Recuerdo que fue una mañana durante el curso de verano en el Instituto Macuilxóchitl, allá en aquella casa de color verde pistache, con sus mosaicos de granito y sus paredes y duela de madera, en un salón con un gran ventanal.
Estábamos tomando clase de pintura con el maestro Óscar cuando llegó alguien (que no recuerdo) a dar la triste noticia de que el director de esa institución, el director de la Compañía Nacional de Teatro del Movimiento Antorchista y de los grupos culturales, había fallecido. Momentáneamente se hizo un silencio; todos los que estábamos ahí éramos de nuevo ingreso y pocos sabíamos quién era ese personaje.
Siempre oí decir que Víctor Puebla amaba la vida, el teatro, la poesía, la danza, la música, a sus hijos y a Antorcha; que no quería que estuvieran tristes por su partida y que lo despidieran con una fiesta donde hicieran lo que él hacía. Y así fue.
Pasados algunos segundos, una de las que hasta ese momento había sido de las más pequeñas en la compañía rompió en llanto diciendo con vehemencia que “él había prometido que volvería”. Era, pues, una promesa hecha a sus hijos hacía pocos días por aquel que yacía inerte, quizá ya en su ataúd, para volver a su querida morada.
Las clases pararon, y los integrantes de la compañía nos dirigimos al entonces teatro Hermanos Soler, ubicado en la 5 poniente, que se arregló como si de una fiesta se tratara para recibir al maestro Víctor. El maestro de pintura con el que nos encontrábamos realizó rápidamente un gran retrato del maestro que se colocó en el centro del patio; se pusieron telas negras drapeadas, sillas y muchos arreglos florales.
No recuerdo a qué hora llegó la carroza ni cómo transcurrió tan rápido el día. Lo que sí recuerdo es que, al anochecer, el patio estaba llenísimo de personas que no conocía, pero que estaban muy tristes ante el cuerpo de su amigo, su colega, su maestro.
Siempre oí decir que Víctor Puebla amaba la vida, el teatro, la poesía, la danza, la música, a sus hijos y a Antorcha; que no quería que estuvieran tristes por su partida y que lo despidieran con una fiesta donde estuvieran haciendo lo que él hacía. Y así fue.
Esa noche, justo a esta hora, se presentaron las obras que al Divo le gustaban; obras que adaptó, como Troyanas, en la que sus actrices lloraron como nunca, y como según cuentan, a él le habría gustado que saliera en su función.
Vi por primera vez actuar a los maestros Alejandro y Serafín, interpretando una obra que él escribió, Divertimento Poblano.
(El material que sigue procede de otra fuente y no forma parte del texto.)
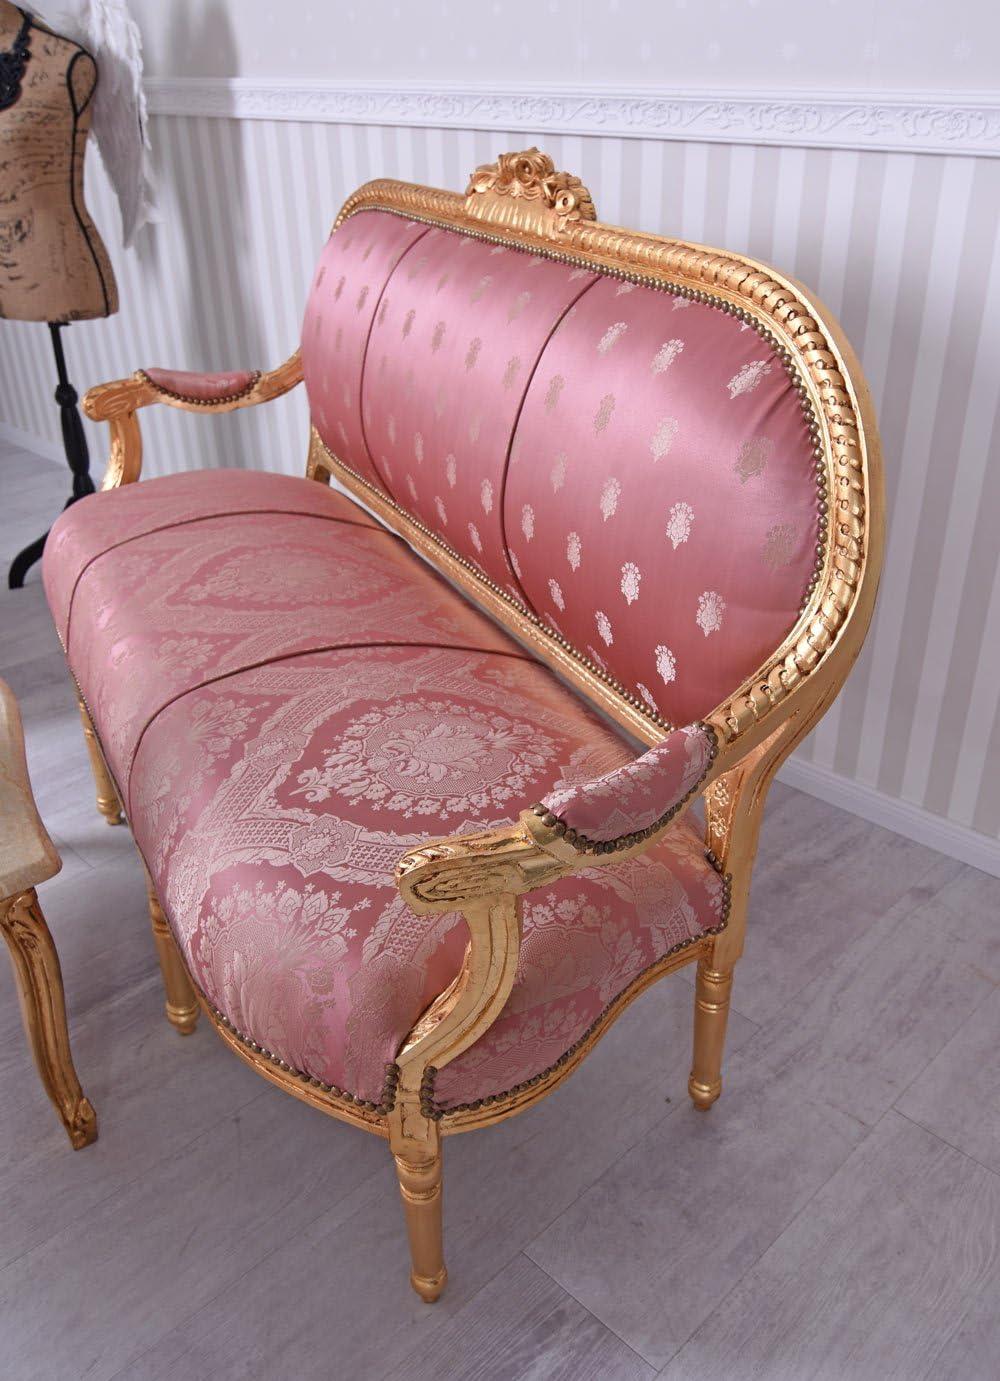 Sitzmöbel Sitzgarnitur XXL Barockmöbel Salongarnitur Sitzgruppe Sofagarnitur

Aún con el corazón desconsolado, hicieron reír a la audiencia, recitaron las poesías que le gustaba recitar o escuchar, las canciones que él cantaba en sus bohemias: “Paloma negra”, “Vámonos”, y los bailes que disfrutaba como Las bodas de Luis Alonso.
Así fue el adiós del querido Divo de Puebla, que hoy por hoy es un gran ejemplo para todo el antorchismo nacional y un emblema artístico y cultural.
El gran Divo deseaba que la cultura y el arte se masificaran, que se llevaran hasta los lugares más recónditos, porque entendía que esto estaba elitizado y sólo unos cuantos, los que tienen los recursos para pagarla, son quienes tienen acceso a ella.
Antorcha hoy por hoy sigue los consejos del gran Divo, que siempre vivirá en los corazones de los antorchistas que lo conocimos y que lo admiramos.